Friday, April 23, 2010

Arterial vs Venous Lactate

The other day, the supervising Consultant asked me to look up the difference between arterial and venous lactate. This was a direct result of my big mouth as I was the one who raised this point, since a lot of the articles that talked about lactate made a point to mention that it was “arterial” lactate, whereas some articles just said “lactate”.


The question is, are they really any different?

To answer this question, I googled it! (sorry pubmed lovers, I’m a “google” chick!)

And Here is what I got:

There are 3 studies that compare arterial and central venous lactate in patients in shock/cardiac arrest (J Resuscitation 2008;03:055 , Emerg Med J 2006;23:622-624, Crit Care 2005;9:44). They all came to the same conclusion; the levels are closely correlated. The first one even added that the levels more closely correlated if arterial lactate value was >5mmol/L.

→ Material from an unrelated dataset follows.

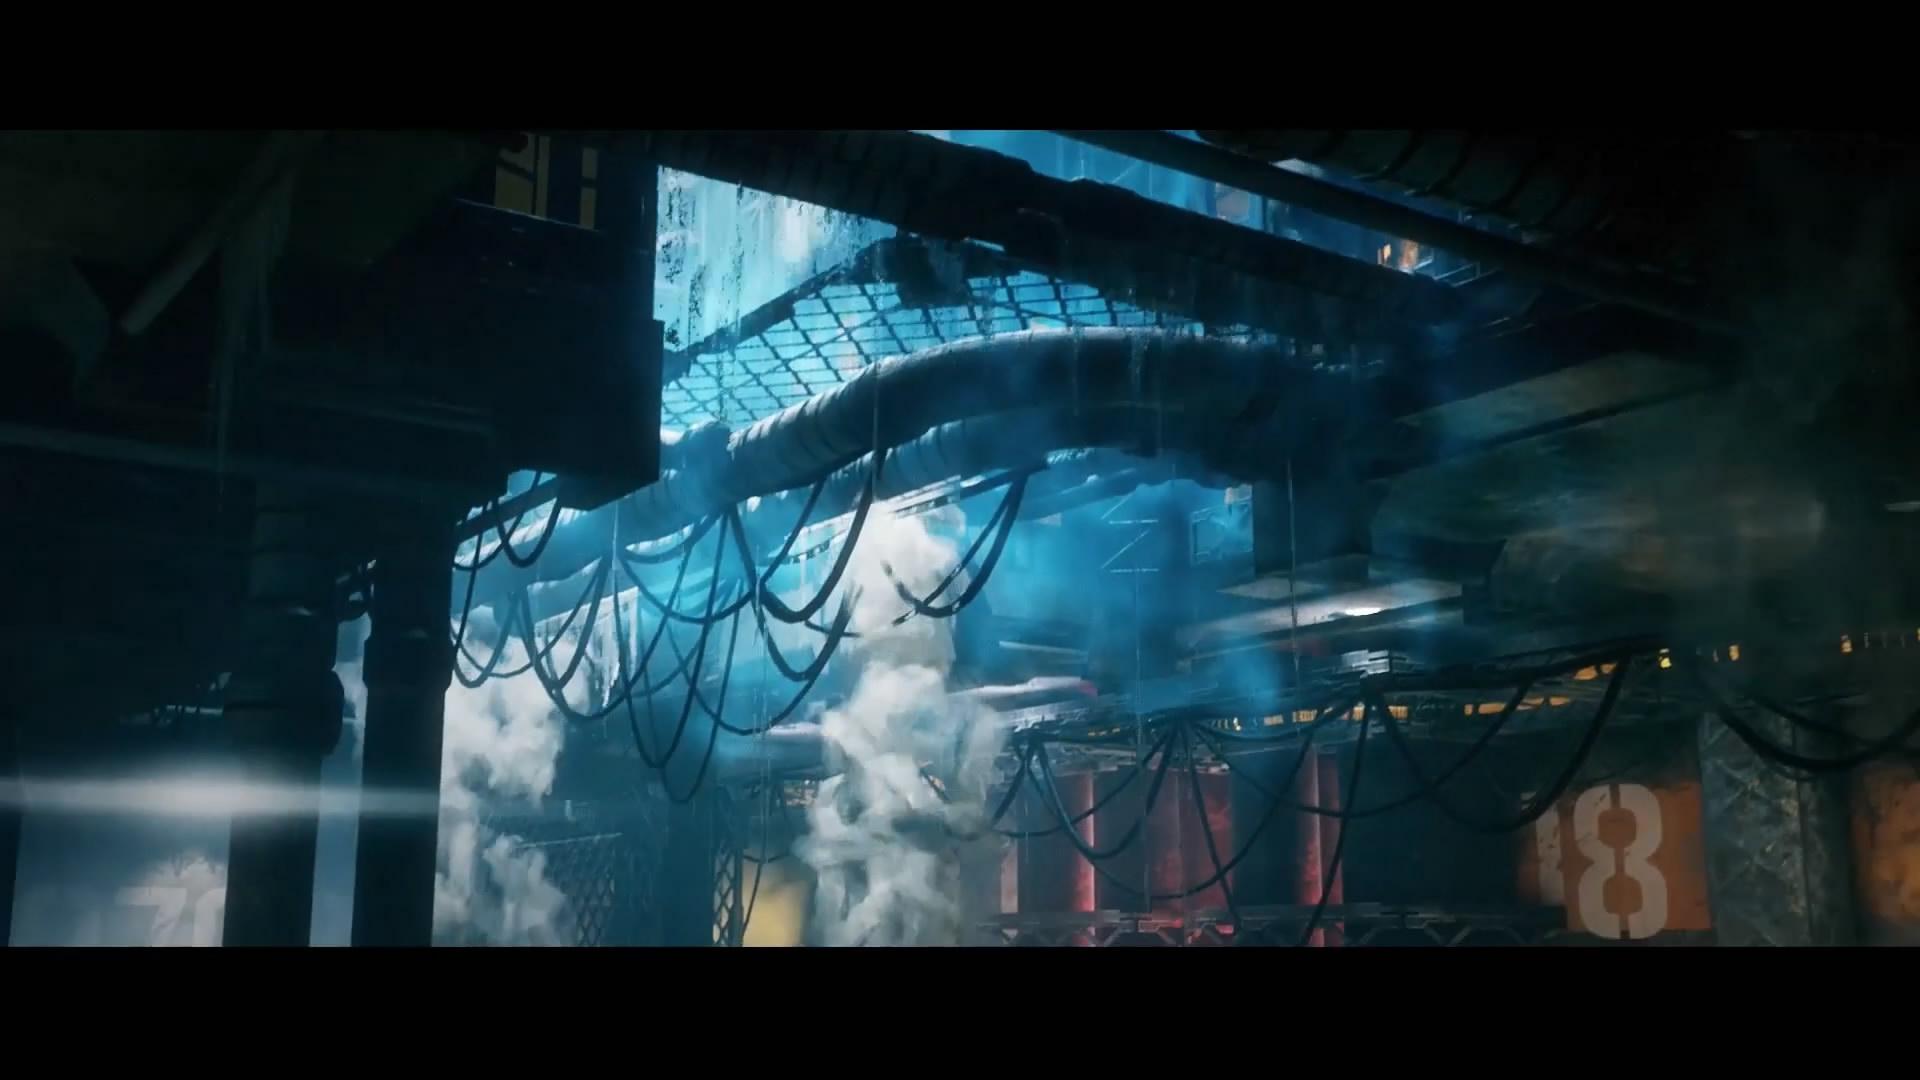 《幽灵行者》新预告片  《耻辱》《银翼杀手》合体
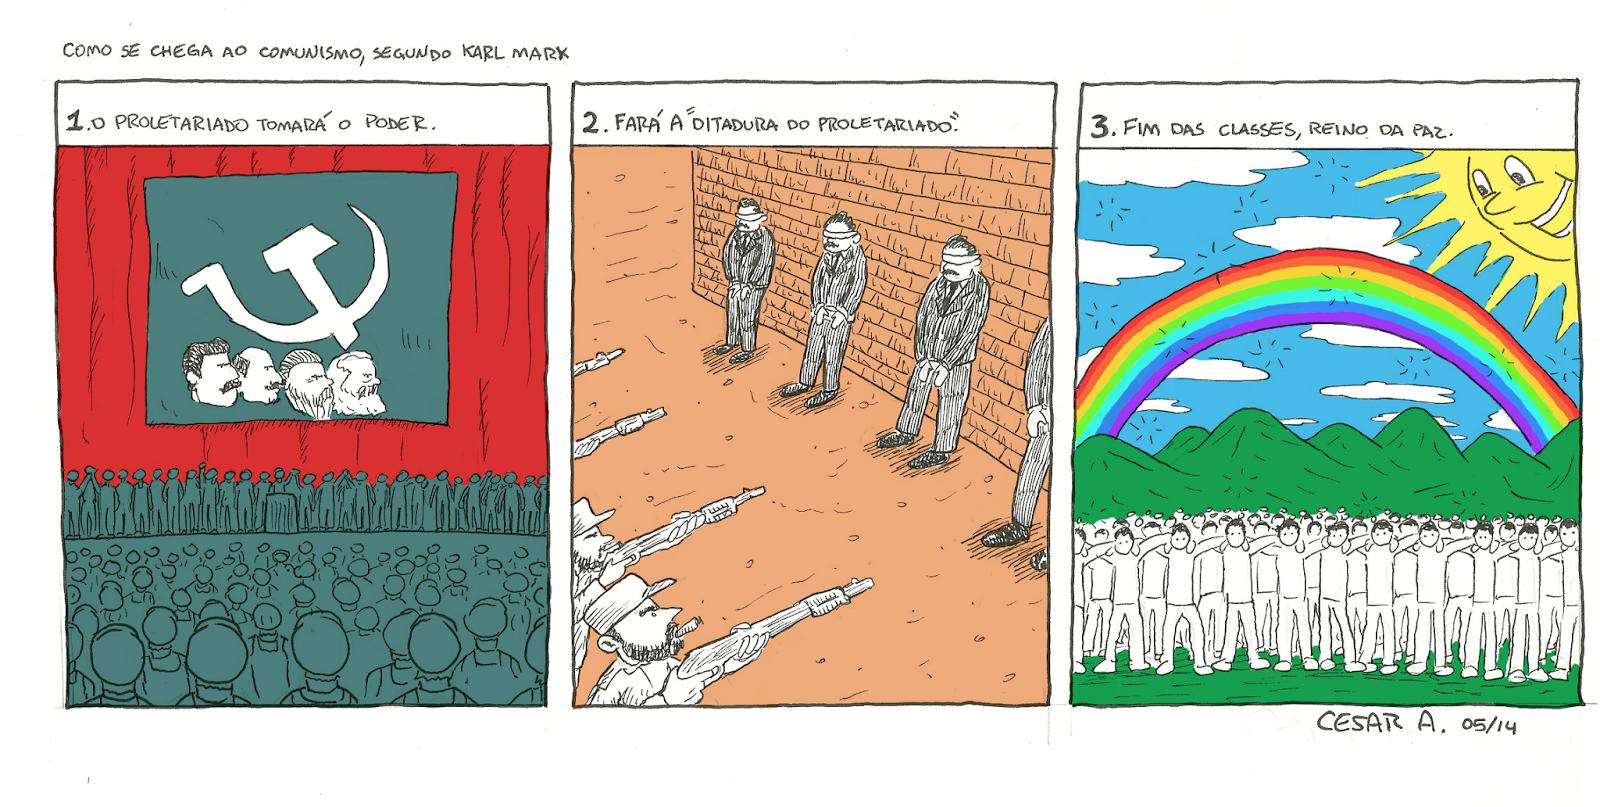 Comunismo explicado, por Cesar Andrade

I also came across a nice website (that is Google’s benefit  ), called www.emedmag.com , in which there’s an article discussing the most important differences in values of ABGs and VBG, AGs, and finally, lactate.

This website came to the conclusion that since an elevated venous lactate (1.6 mmol/L or greater) is 100% sensitive and 89% specific in predicting elevated arterial lactate level, then a normal venous lactate should be enough, but an elevated venous lactate necessitates that an arterial lactate should be obtained. It cites a 1996 study by Younger of 48 ED patients as a basis for this conclusion. These results were bolstered by a 2000 study by Lavery on 375 hypovolemic patients.

While discussing the findings of my mini-search with my colleagues and seniors, we came to a discussion; is lactate higher in arterial blood or venous blood?

Logic says that it should be higher in venous blood than in arterial, as it is always a result of poor tissue perfusion, and is cleared by the liver, right?

NOT EXACTLY!

According to “The ICU Book” by Paul Marino; Lactate level is not indicative of poor tissue perfusion, but rather is a method of detecting global dysoxia. However, it sometimes indicates other things, such as hepatic insufficiency, thiamine deficiency, severe sepsis (as a direct result of endotoxins rather than O2 deprivation) and, finally, intracellular alkalosis.

It’s interesting how a discussion can clarify some of your most basic concepts!